The invention discloses a thin film photoconductive detector and a manufacturing method and application thereof. The thin film photoconductive detector comprises a substrate, a carrier transport layer, an electrode layer and a light absorption layer from bottom to top, wherein the electrode layer consists of an anode layer and a cathode layer positioned on the same layer. The detector integrates high migration ratio of an inorganic material and high light absorptivity of an organic material; when light irradiates onto an organic layer of a photoelectric device, the uppermost organic material layer absorbs light to generate carriers; and by virtue of energy level difference between an inorganic layer and the organic layer and the concentration difference of the carriers, the photo-generated carriers enter the inorganic material layer and can be fast collected by electrodes, thereby having large G and R values. Meanwhile, due to high migration rate of the inorganic material, the light current response time and the fall time of the device are greatly shortened, and therefore the sensitivity of the thin film photoconductive device is improved; and the thin film photoconductive detector has an important application value.

Description

Thin film photoconductive detector and preparation method thereof and application

Technical field

The present invention relates to a kind of thin film photoconductive detector and preparation method thereof and application.

Background technology

At present, known photoconductive detector structure is made up of the light-sensitive layer of two horizontal electrodes and centre.Photoconductive device is connected into loop and adds a bias field, when incident light contacts with detector, the light-sensitive layer of detector inside produces electron hole pair, electron hole pair is separated and is collected by electrode and forms photoelectric current under the effect of electric field, characterizes the intensity of light and size can be used for carrying out the directions such as light detection, image imaging or bio-sensing by the intensity of photoelectric current.Therefore device is quite important to the susceptibility of light, and we characterize such Species sensitivity by two important parameters usually: responsiveness R and optical gain G.R represents a ratio of the photoelectric current of generation and the luminous intensity of introducing, and what G represented is that device often absorbs the inner electric charge flow through of a photonic device.

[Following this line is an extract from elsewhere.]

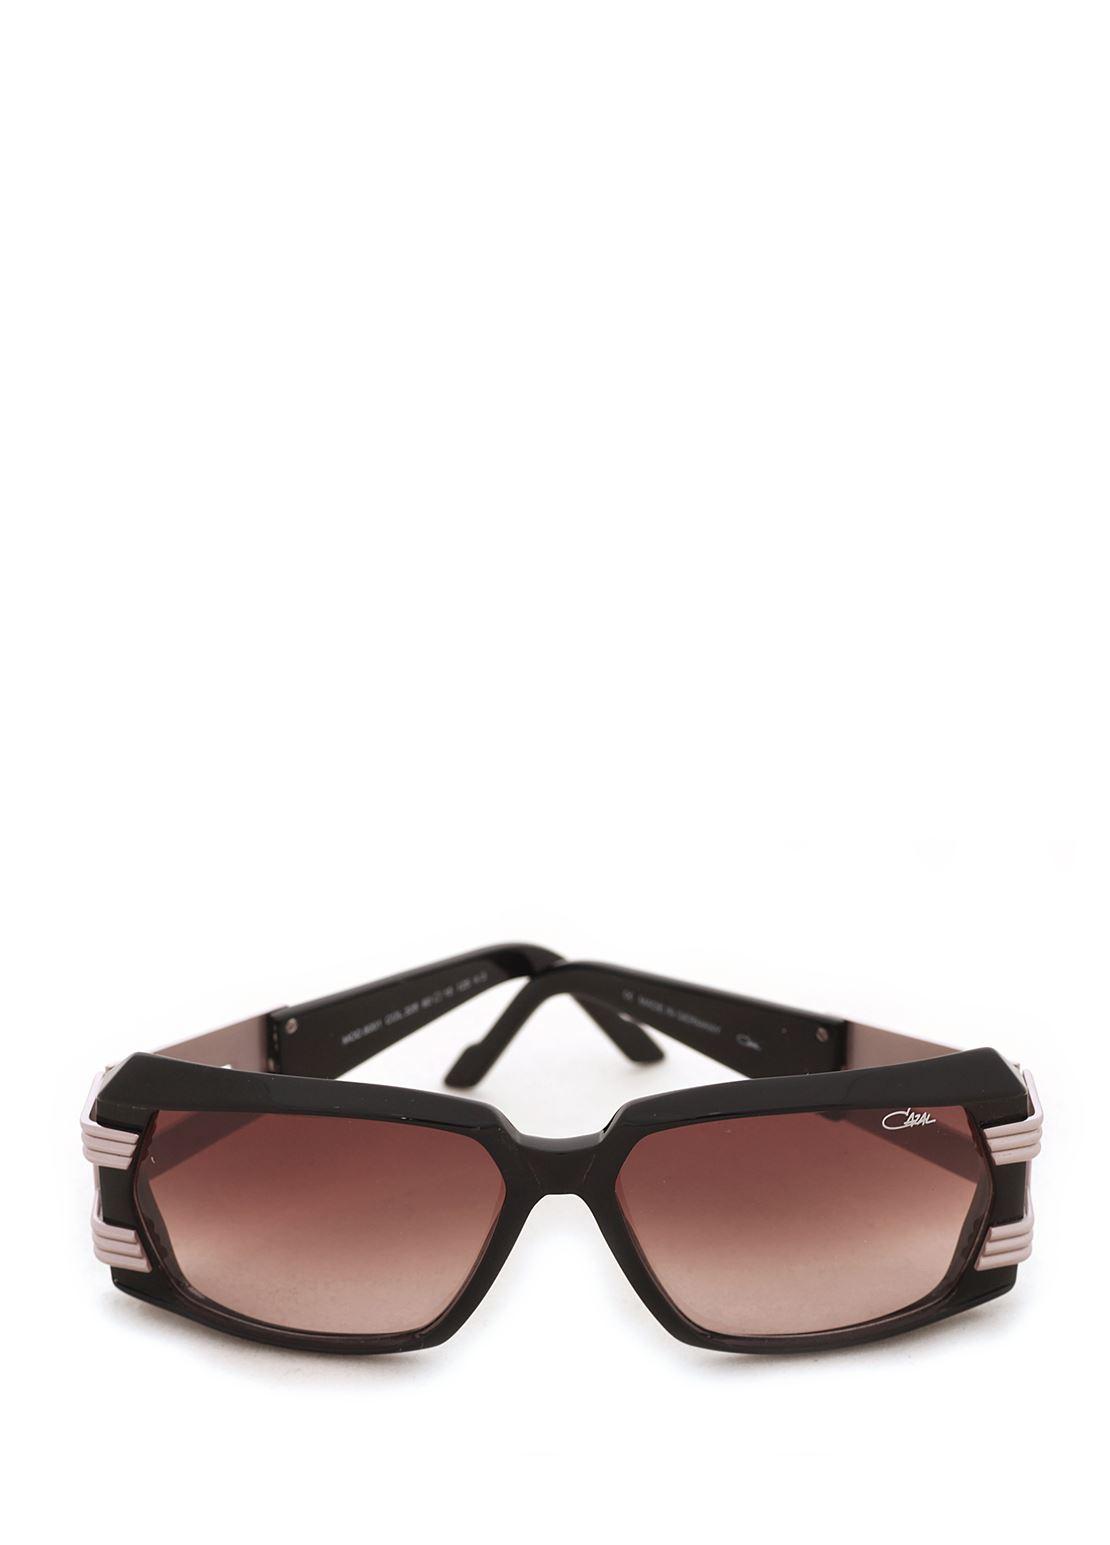 ba76e901d3 Γυναικεία Γυαλιά Ηλίου CAZAL

These two values can represent with formula below:

$R=\mathrm{EQE}\frac{\mathrm{\λq}}{\mathrm{hc}}G---\left(1\right)$

$G=\frac{({\mathrm{\μ}}_n+{\mathrm{\μ}}_p)\mathrm{\τE}}{L}=\mathrm{\τ}(\frac{1}{t_n}+\frac{1}{t_p})---\left(2\right)$

(EQE is outer quantum effect, and λ is lambda1-wavelength, and h is Planck's constant, and c is the light velocity, and q is the quantity of electric charge, and L is device channel length (two interelectrode distance), and E is additional electric field strength, μ _nelectron mobility, μ _pbe hole mobility, τ is the life-span of photoexciton, t _nelectron transit time and t _pit is the hole transit time)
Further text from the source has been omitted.